Thursday, February 08, 2007

More on Lisa Nowak, NASA's fallen star, and on our fall

It was inevitable, I suppose, that America's space bureaucracy would launch a study into the agency's psychological screening processes for astronaut selection after this week's arrest of Astronaut Lisa Nowak on charges of attempted murder. A story reported by AFP quotes NASA deputy administrator Shana Dale as saying the director of NASA's Johnson Space Center, Michael Coats, had been ordered to "initiate a review of existing psychological screening for admittance into the astronaut corps."

The article adds that Dale promised that NASA would also launch an investigation "into the existing process for carrying out psychological assessments during an astronaut's career."

If only NASA could launch spaceships with the same predictability and frequency.

The Lisa Nowak case is another illustration of the "Mom is Always Right" Rule. Your mother and my mother -- everyone's mother -- warned us: Idle hands are the Devil's playground.

Oh, Ms. Nowak surely had plenty of work to do: Committees and meetings and training and testing... for... what, exactly? To go into orbit on the obsolete Shuttle, the space truck, ferrying supplies to the International Space Station? It was work -- but it was not enough to keep Ms. Nowak occupied. She found other things to do.

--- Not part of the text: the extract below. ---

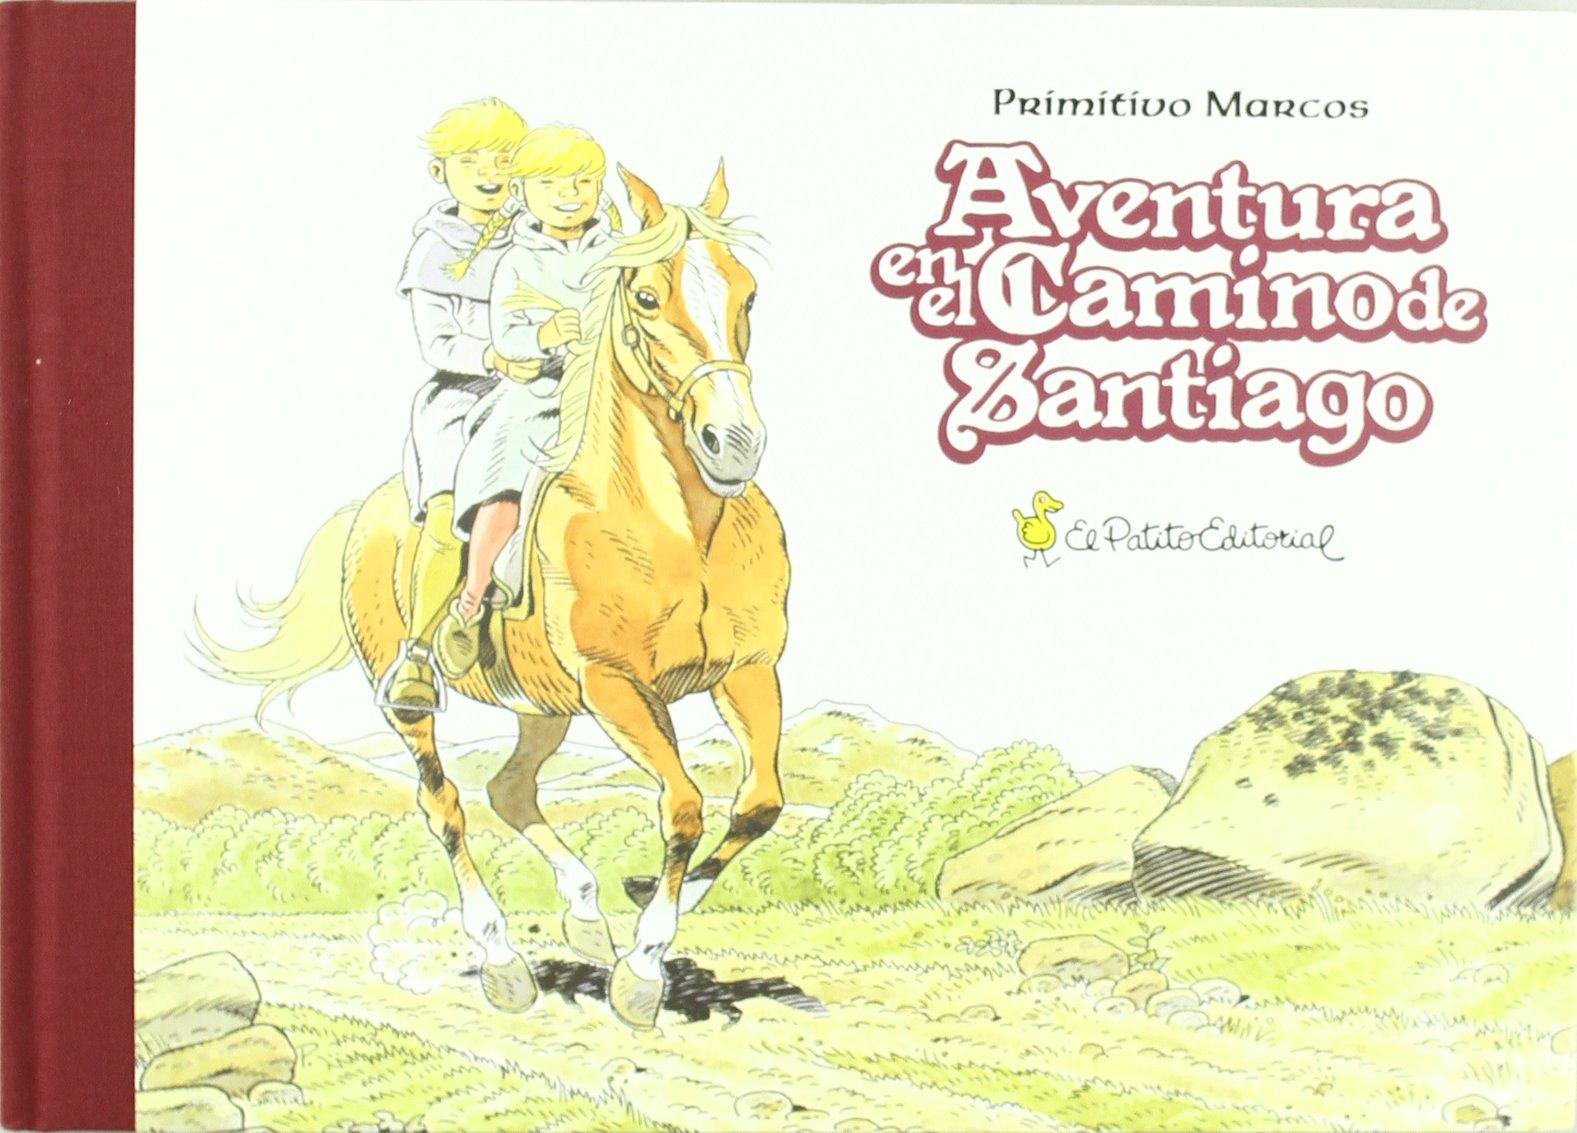 Aventura en el camino de Santiago: Amazon.es: Primitivo Marcos Ferreiro: Libros

Here's a news flash: Astronauts are volunteers. They signed up to take risks, not to take meetings. When astronauts are selected to lead America's space effort and then given jobs as bureaucrats -- even as bureaucrats who fly jet trainers in their spare time -- some of them will become frustrated. Some will leave the program. One, now, has apparently cracked under the strain of the contradiction.

I am not a risk taker. I wouldn't even ride a roller coaster on a bet. If I didn't blog so much, I might even make an acceptable bureaucrat. But I say to each their own. Let the astronauts take their risks; let me cringe under my desk every time I hear a siren.

NASA was supposed to get us into space. The agency seems more adept at keeping us out. Frankly, by this time in my life, having grown up with Mercury, Gemini and Apollo, I had hoped that some parts of outer space would already be safe enough for non-risk takers like me. I thought I might someday be a tourist. And I thought it would happen because of the willingness of the Captain Nowaks of the world to blaze the trails for the rest of us.

NASA perhaps is just reflective of our culture: We have become so risk averse, we can't take risks for ourselves -- and we can't let anyone else take risks either. Any risks.

Some illustrations: Many people use cell phones while driving. Certainly we've all seen driving cell phone users who pose a menace to navigation. Because they overuse them. Because they become... distracted. So instead of cracking down on distracted drivers, many cities -- Chicago among them -- have banned everyone from using cell phones while driving.

Now, State Sen. Carl Kruger of Brooklyn, New York, proposes a ban on using cell phones, BlackBerries, iPods, or other electronic devices while crossing a street in New York City because a few people -- in the throes of so-called "iPod oblivion" -- have been injured or killed, walking into a street without paying attention.

Zay N. Smith, in this morning's Quick Takes column in the Chicago Sun-Times reports today that, "Organizers of the annual festival in Hartlepool, England, citing risk assessments, will no longer allow sack races, three-legged races or egg-and-spoon races." Our grandparents were lucky to survive!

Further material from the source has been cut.